*** DATA ***

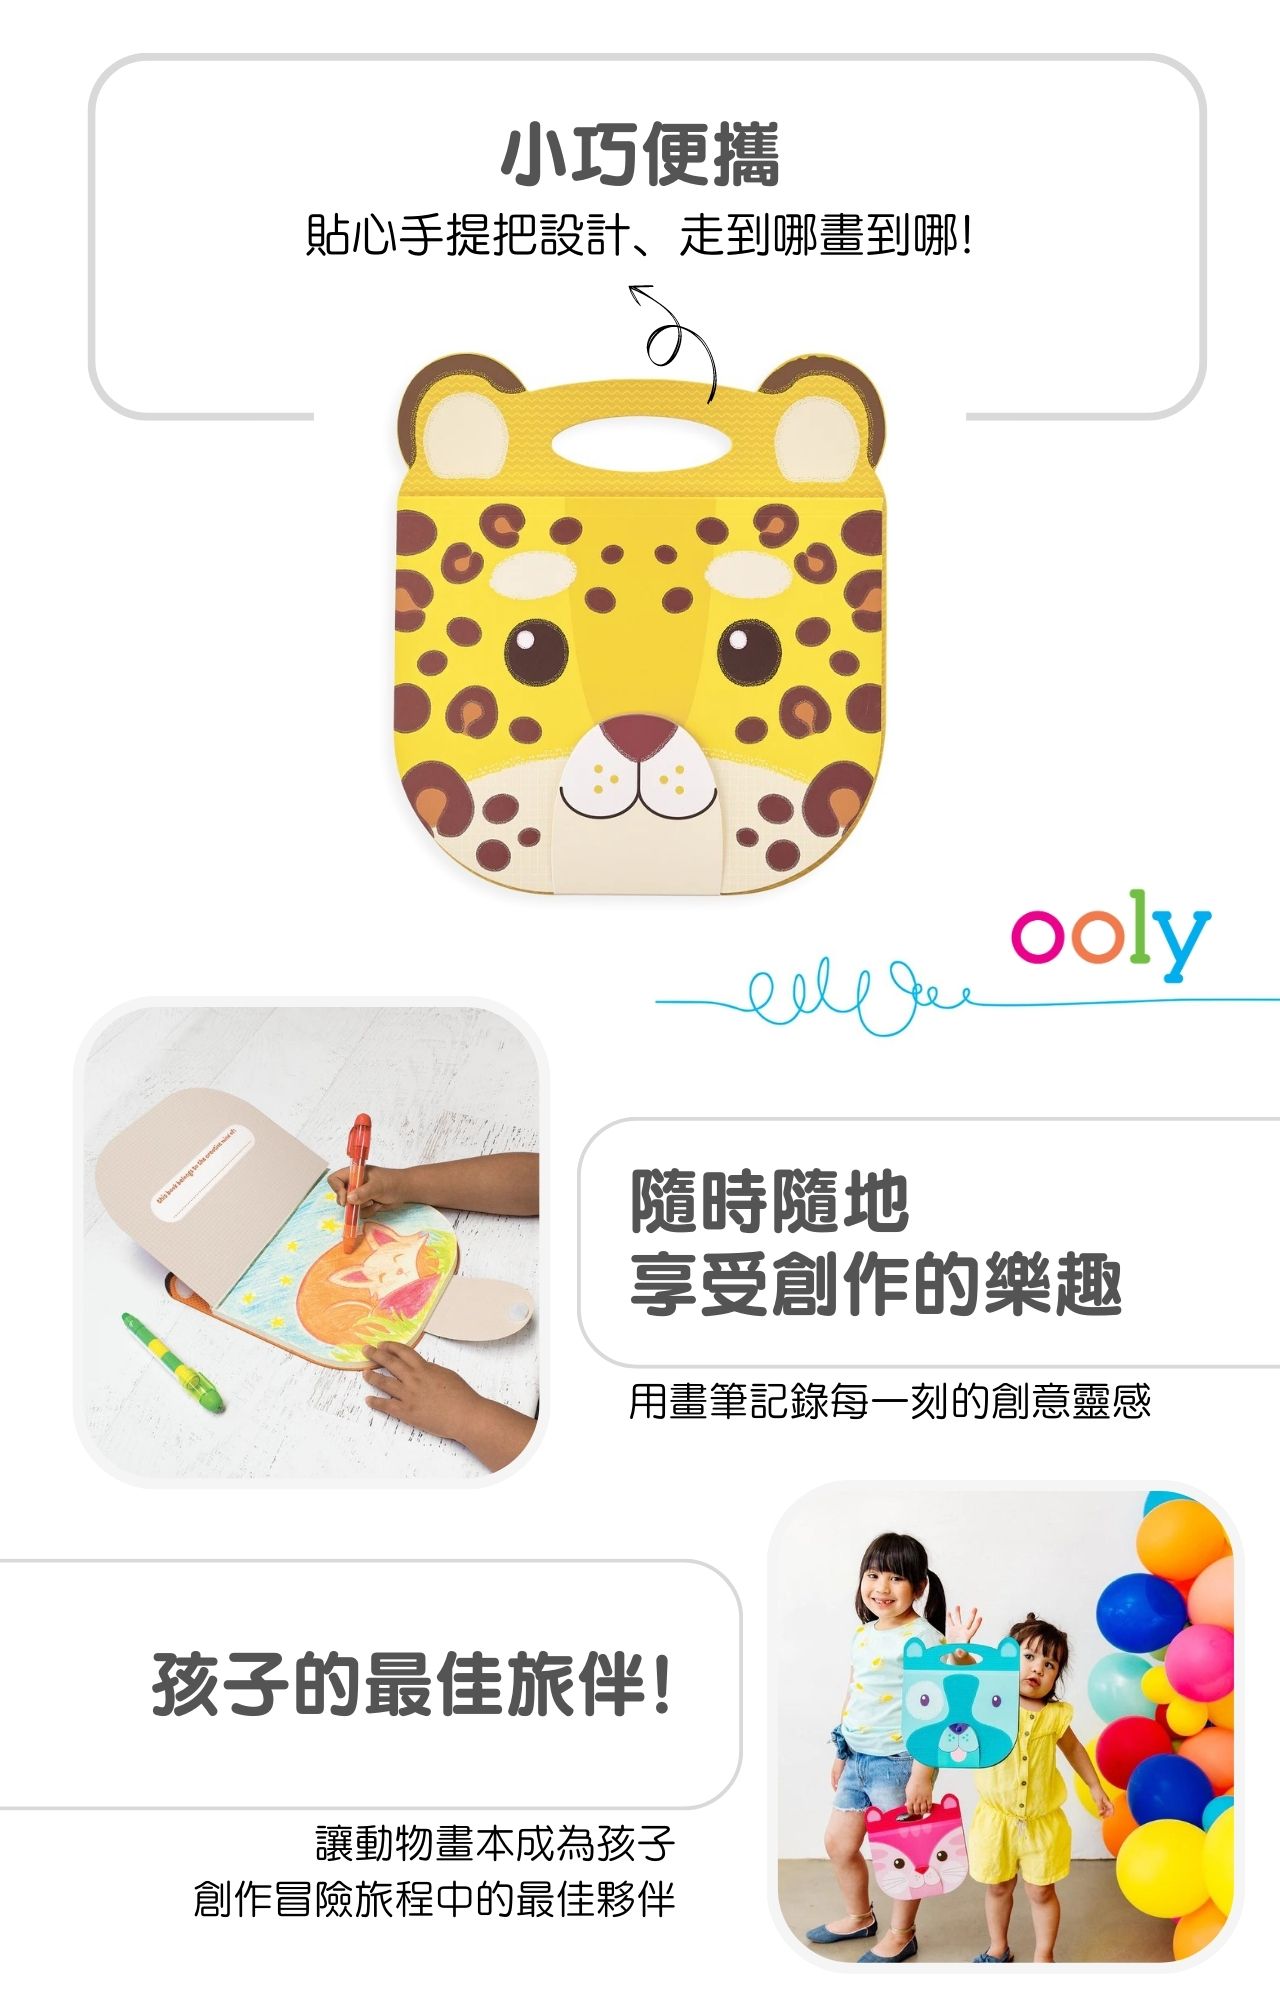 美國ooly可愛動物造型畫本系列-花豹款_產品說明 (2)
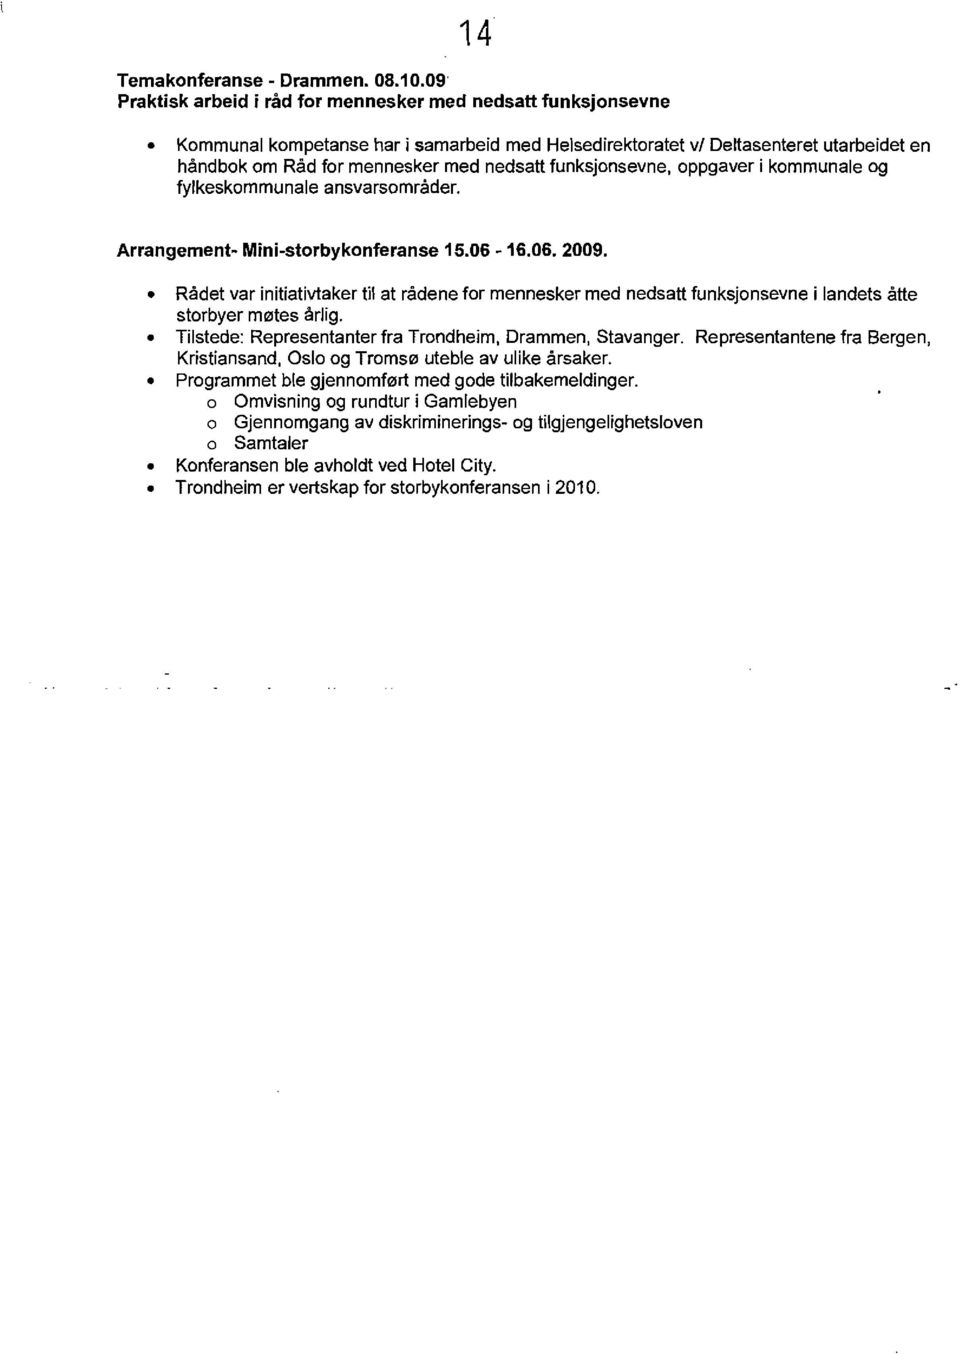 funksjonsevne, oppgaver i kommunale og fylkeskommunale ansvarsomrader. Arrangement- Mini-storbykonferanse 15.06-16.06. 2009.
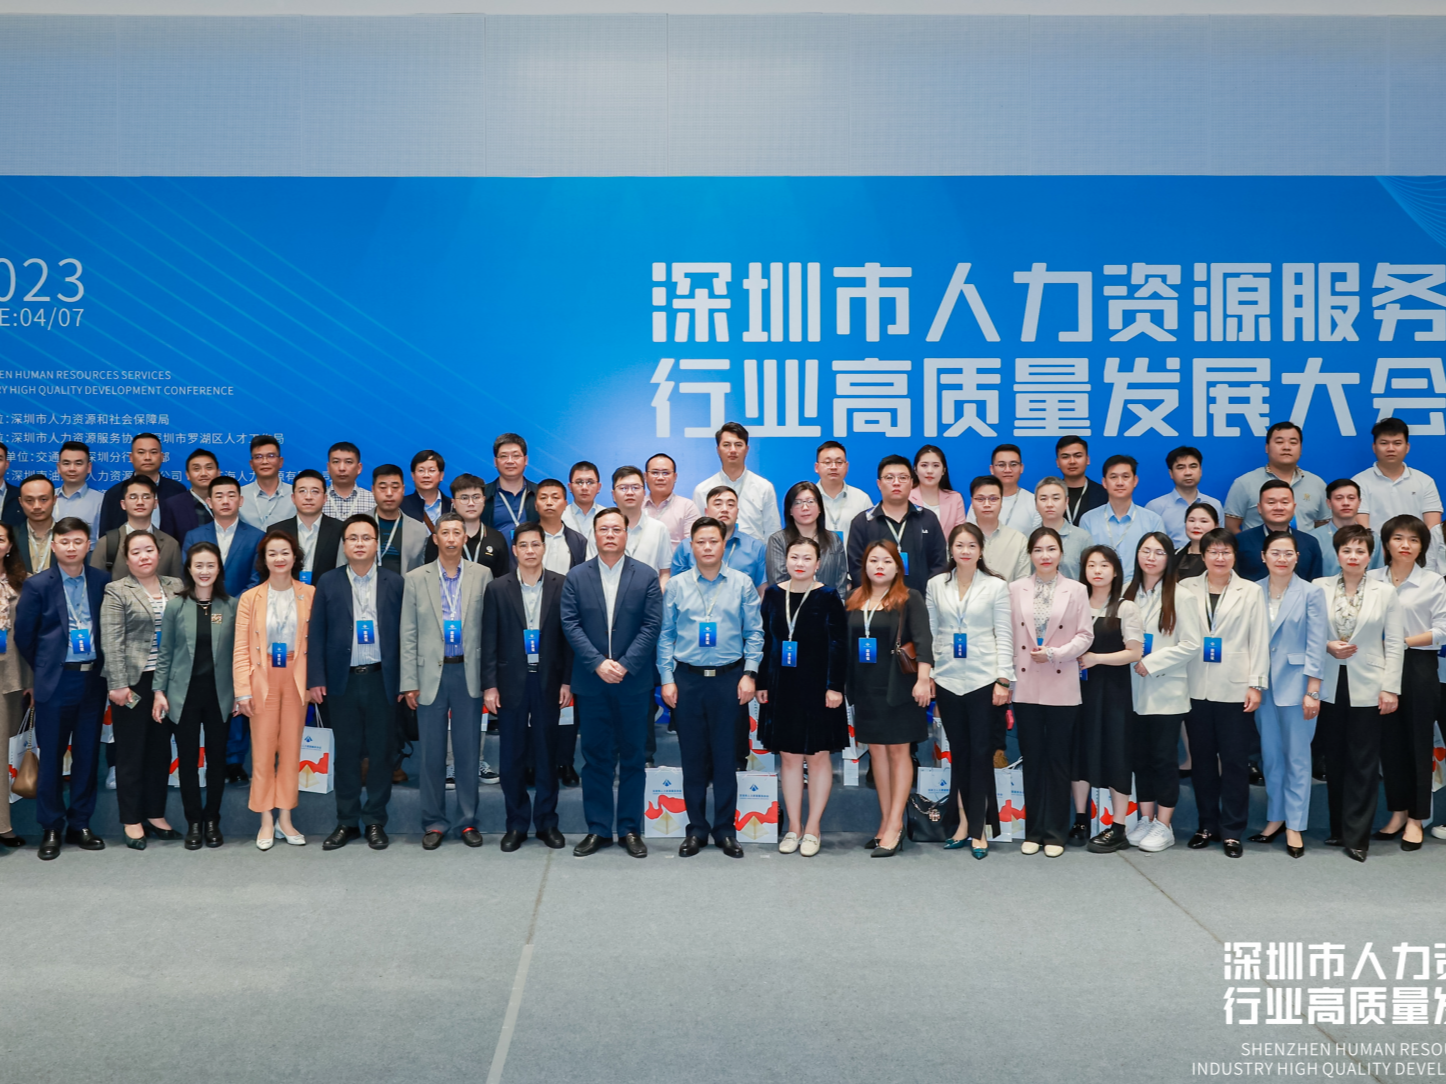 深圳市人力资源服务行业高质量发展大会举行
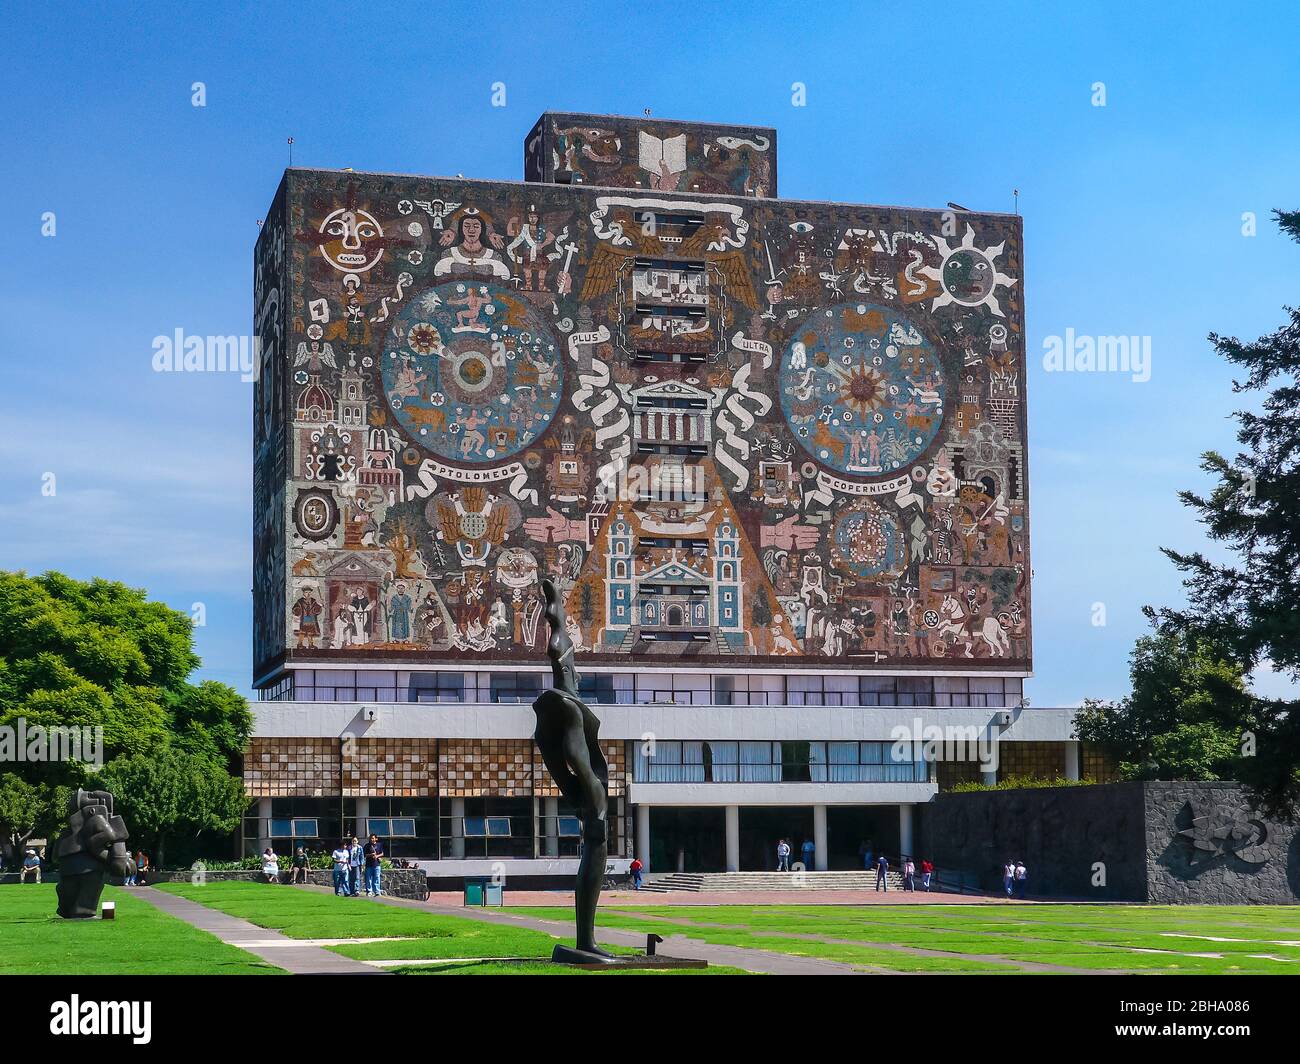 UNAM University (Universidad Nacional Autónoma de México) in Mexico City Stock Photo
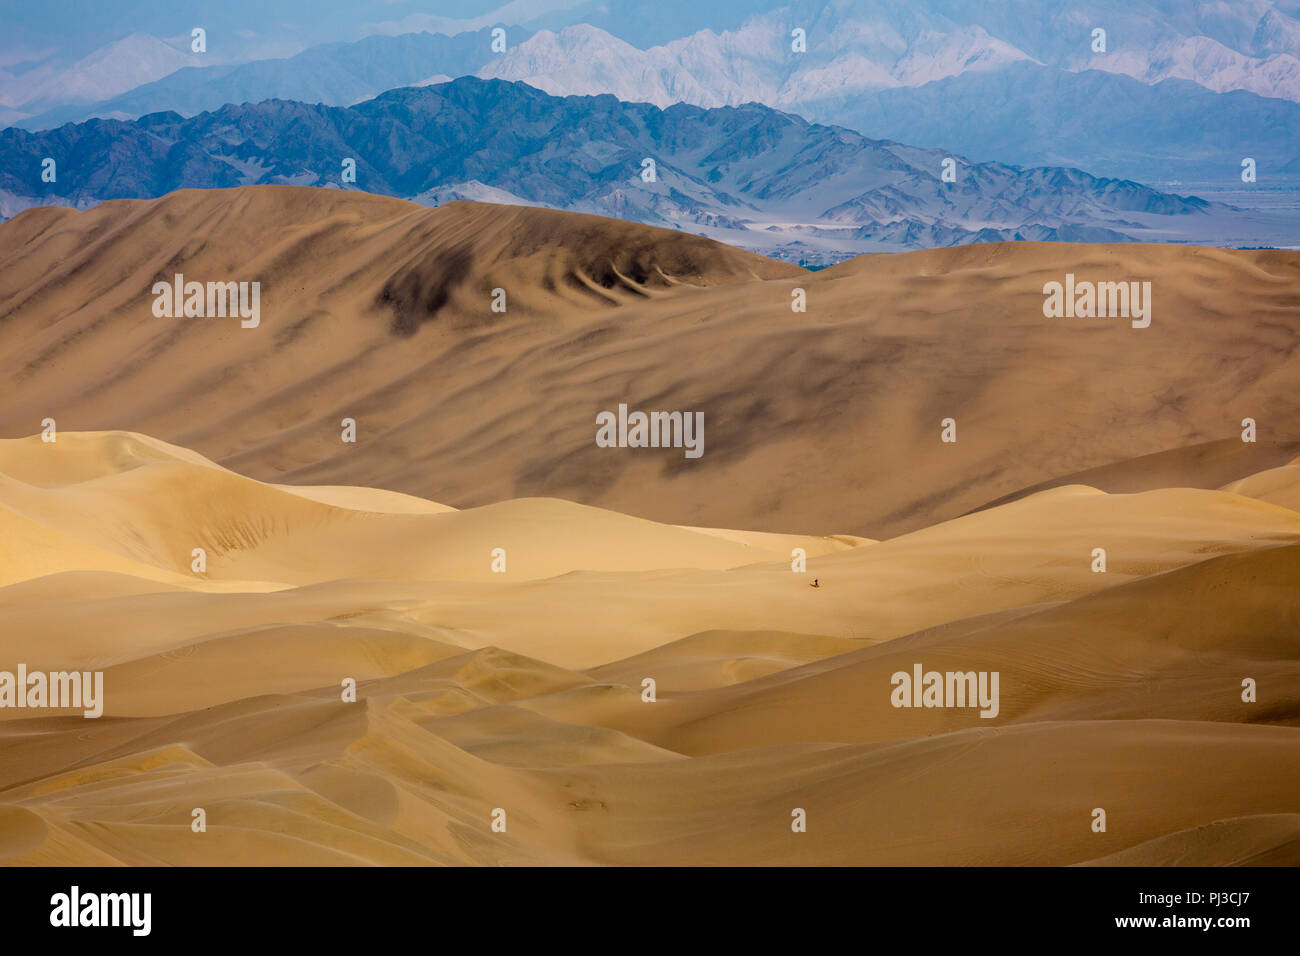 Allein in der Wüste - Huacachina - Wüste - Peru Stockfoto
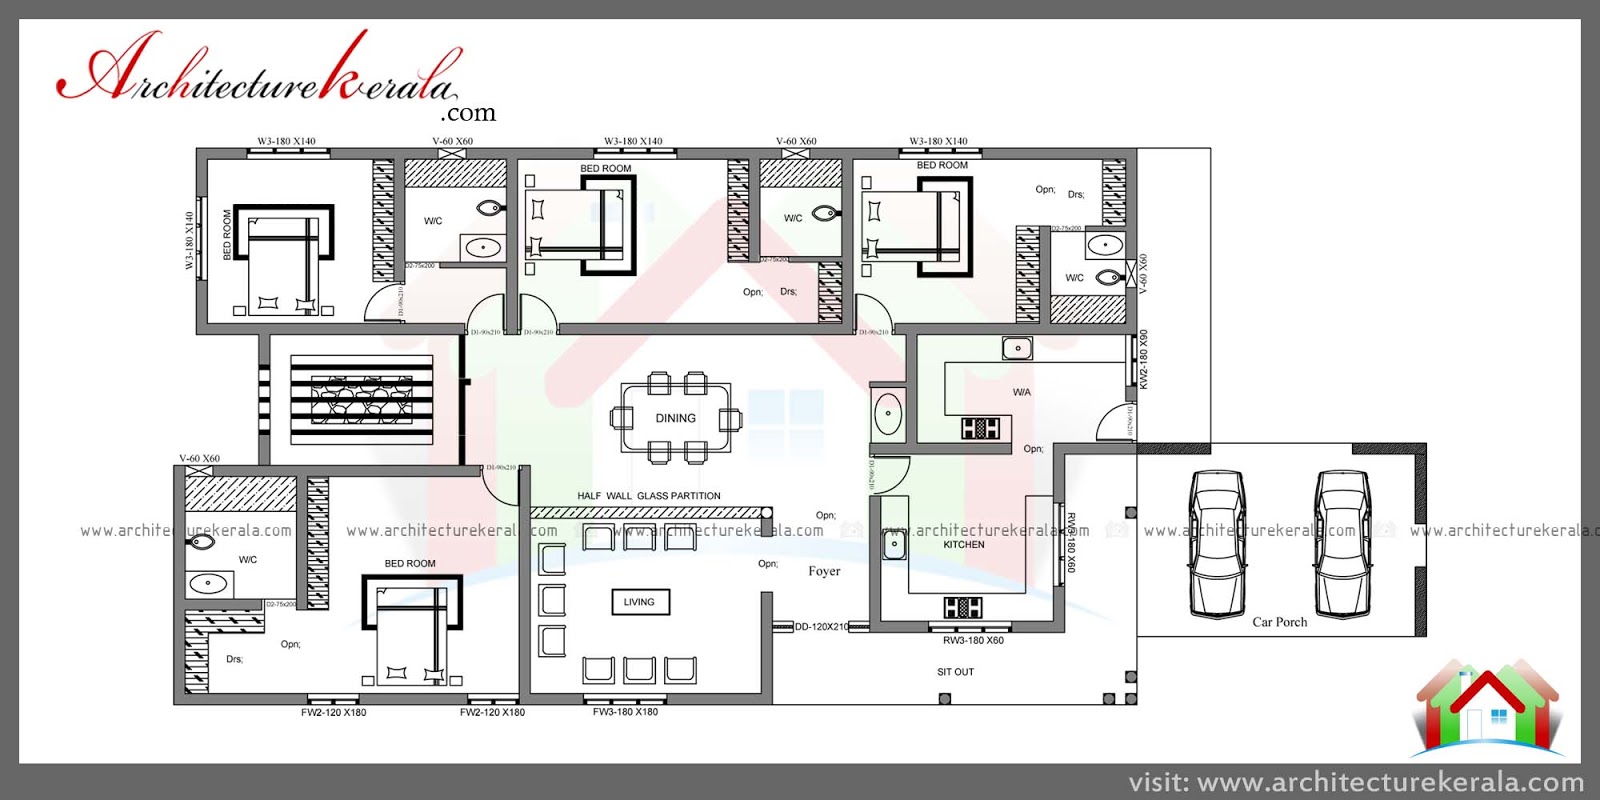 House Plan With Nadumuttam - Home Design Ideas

*** End of DATA ***

Return exactly the lines from the one with "UNAM University (Universidad" through the last line of the entries above, both ends included. No pictures may appear in the copy.

REPLY TO THE TASK
 UNAM University (Universidad Nacional Autónoma de México) in Mexico City Stock Photo
 Allein in der Wüste - Huacachina - Wüste - Peru Stockfoto
 House Plan With Nadumuttam - Home Design Ideas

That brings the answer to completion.